Click on figures for greater clarity and to zoom.

Figure 1. Month-to-month mean and SD of LnRMSSD and RHR values.

I’ll mention only a few notable observations here. There was a clear and sustained reduction in RHR in spring 2016. This corresponds with completion of my comprehensive final exams and HRV tracking with football through spring camp. Stress levels were very high. I was terrified of failing comps. For several months, I studied harder than you could possibly imagine. I knew that if I could pass comps, I would complete the PhD. Having published several projects previously, I was less concerned about the subsequent dissertation process. After acing comps and successfully completing spring camp data collection (first project with football), I felt tremendous relief. Everything I’d been working towards since ~2011 was coming together. In my head, I had essentially secured my future. Although I thoroughly enjoyed the process, I was liking the prospect of not living like a poor grad student for much longer. RHR remains relatively stable thereafter whereas LnRMSSD decreases in response to season-long HRV data collection with football (late 2016, early 2017), defending my dissertation, job search/interview, and relocation (all spring 2017). LnRMSSD starts to trend up in 2019 (more on this later). Note increased values in 2020 before changing apps.

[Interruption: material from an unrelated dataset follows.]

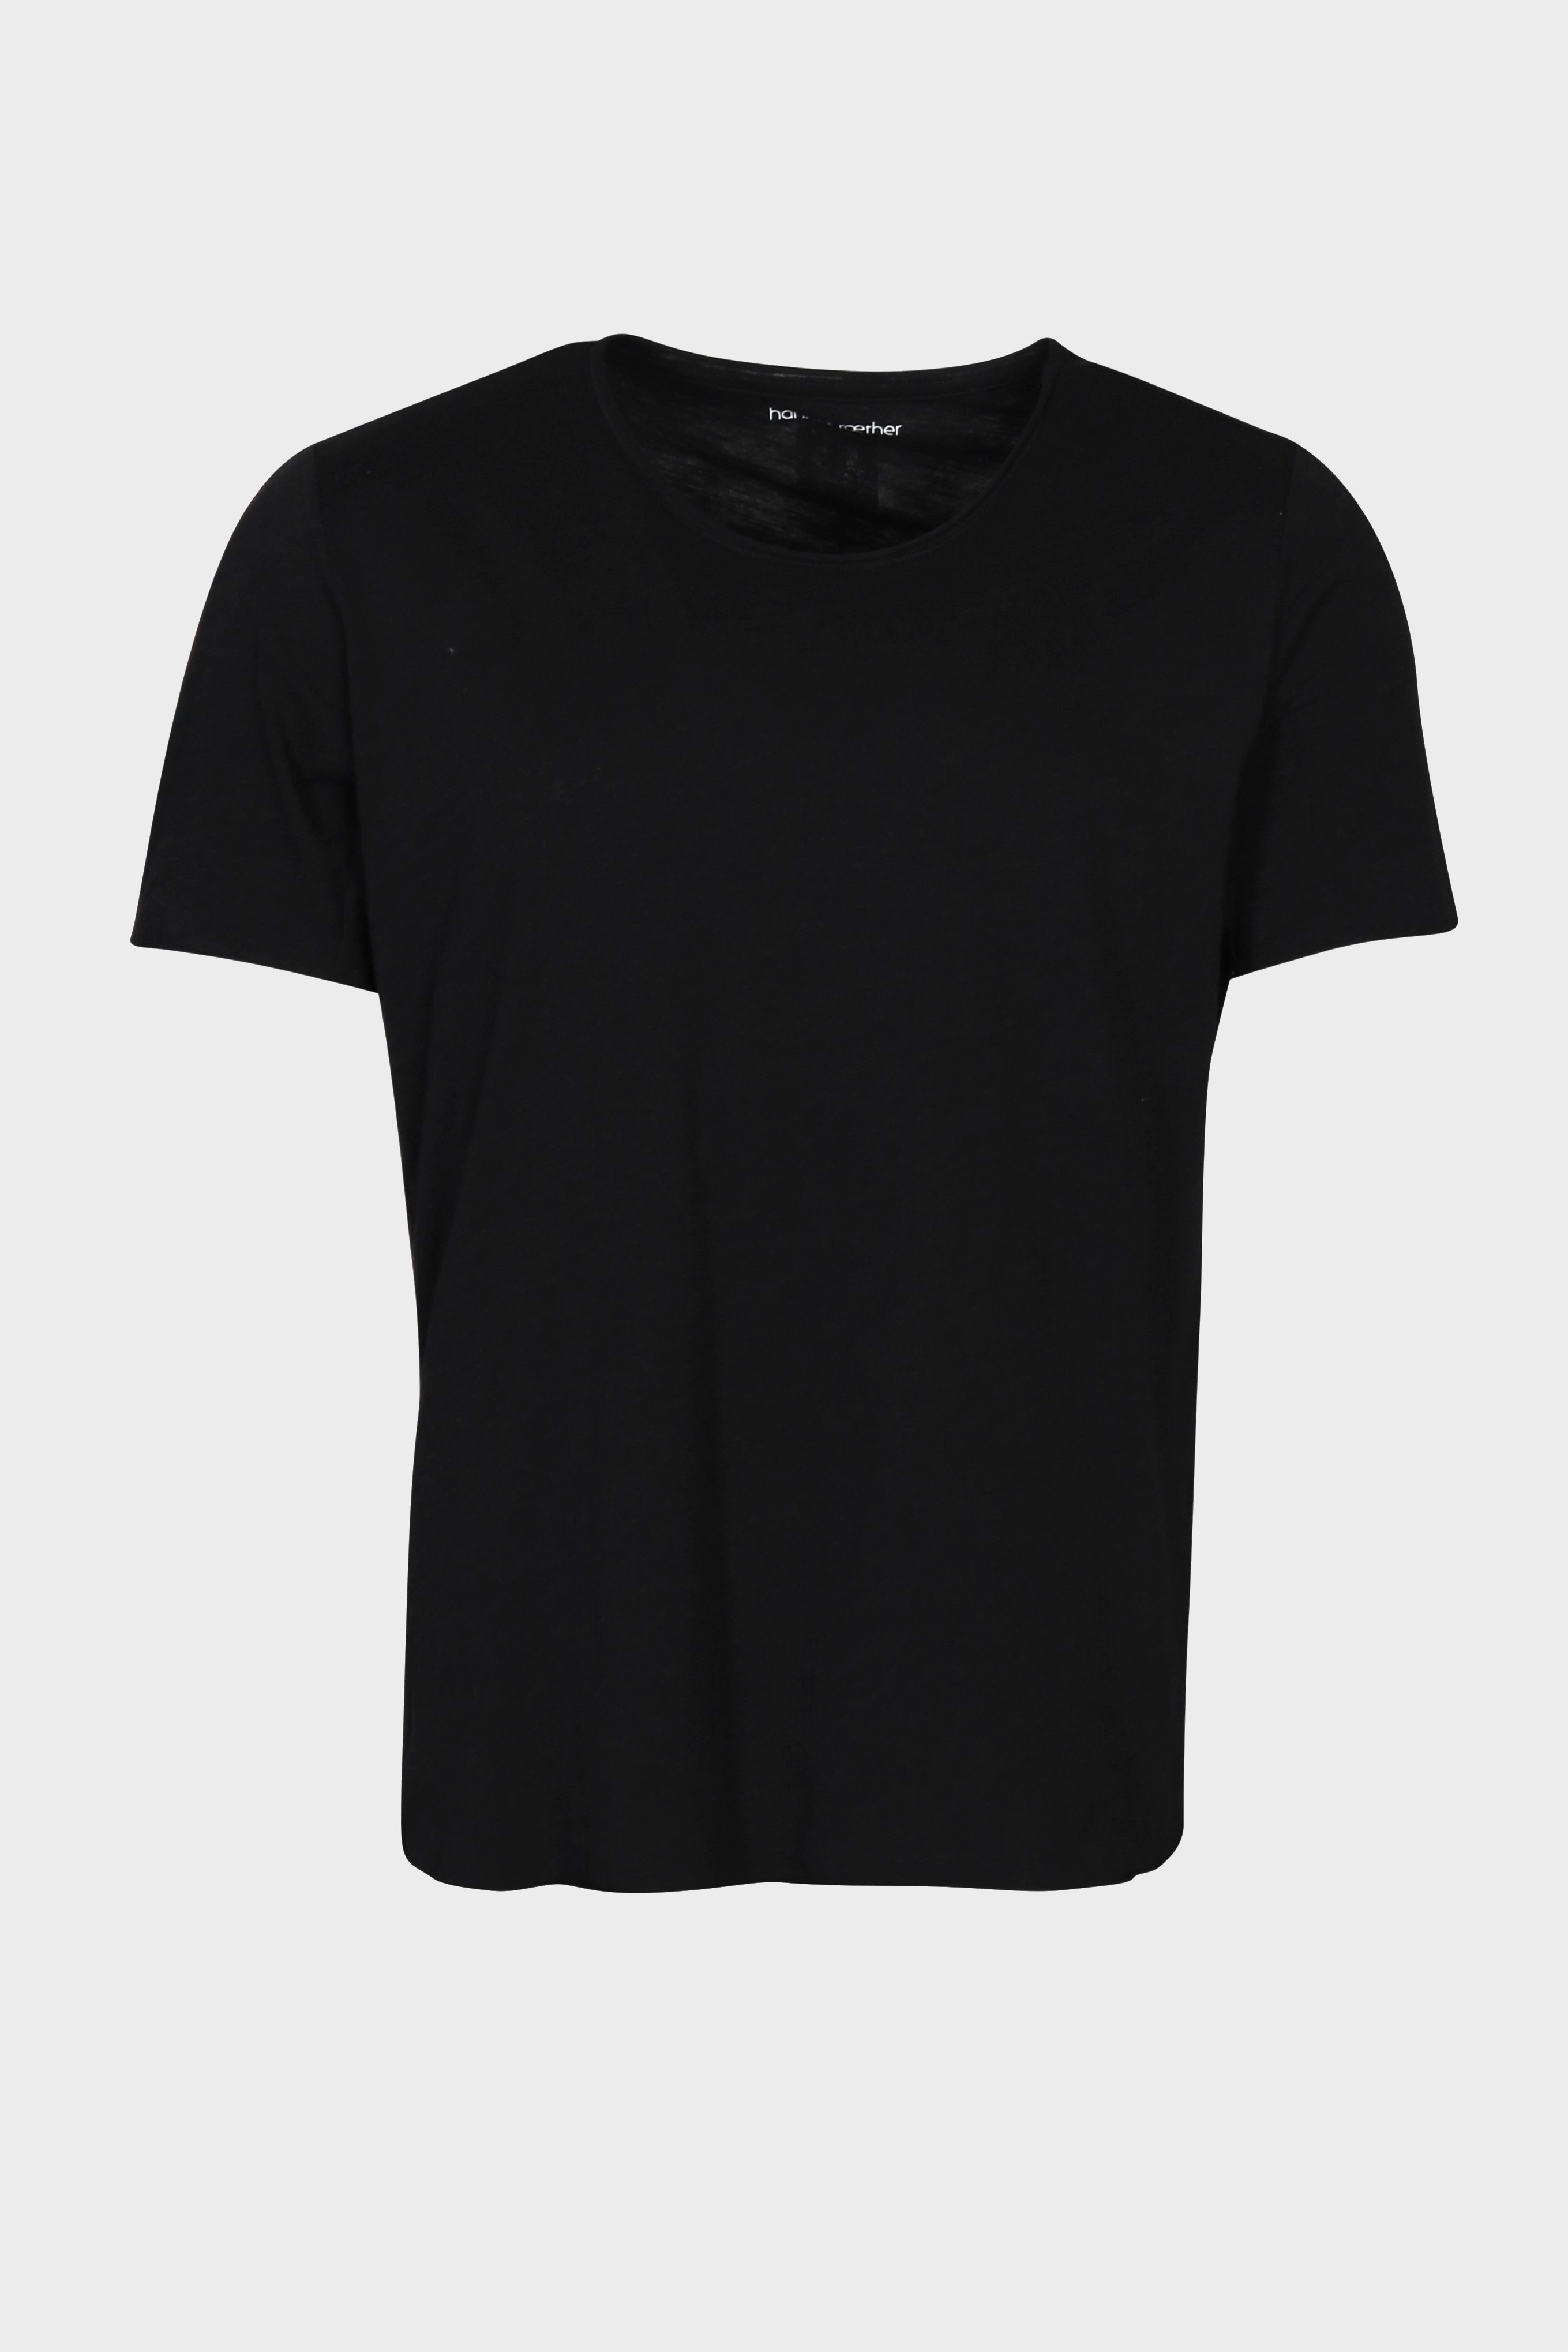 HANNES ROETHER Slub Yersey T-Shirt in Black L

Figure 2. Violin plots of daily RHR and LnRMSSD by year. Each dot represents a single day. Generally, outlier dots (low LnRMSSD, high RHR) correspond with being sick, which tends to occur once or twice per year, usually during/after travelling to visit family.

Figure 3. Bar graph of values by year. Here, I’ve included LnRMSSD values relative to HR (green). This provides some indication that HRV increased in recent years, independent of changes in HR. It’s not ideal to calculate this ratio with mixed units, but it should sufficiently represent the general trend.

Figure 4. LnRMSSD values by year with age norms (horizontal lines) and notes of key changes in lifestyle and life circumstances likely attributable to the increase in HRV

This figure puts the magnitude of recent HRV changes into perspective. With a small LnRMSSD increase in 2019, I dropped an age-class. In 2020-2021, my HRV has become comparable to that of teenaged boys. Notes on the figure are fairly self-explanatory. HRV is influenced by a variety of factors and I believe that each item on the list contributed in some way to the increased values. Will elaborate on explaining changes below.

Revaluating Priorities

Although I will always be passionate about HRV in sport, I have recently taken greater interest in HRV as a behavior-modification tool for health. This topic is something I’ve been peripherally interested in since 2011. In ~2019, my self-education (via textbooks, journal articles, podcasts, colleagues, etc.) and research activity shifted to HRV in health and disease. My training also shifted to prioritize health. I still lift heavy, but I’m less concerned with being as big and strong as humanly possible (more on this below). It was becoming clear to me that such goals were not conducive to my cardiovascular health. A few key events triggered this dramatic change:

1) My bloodwork in 2015 revealed an unfavorable lipid profile (LDL-C and Total-C were high), which planted a seed.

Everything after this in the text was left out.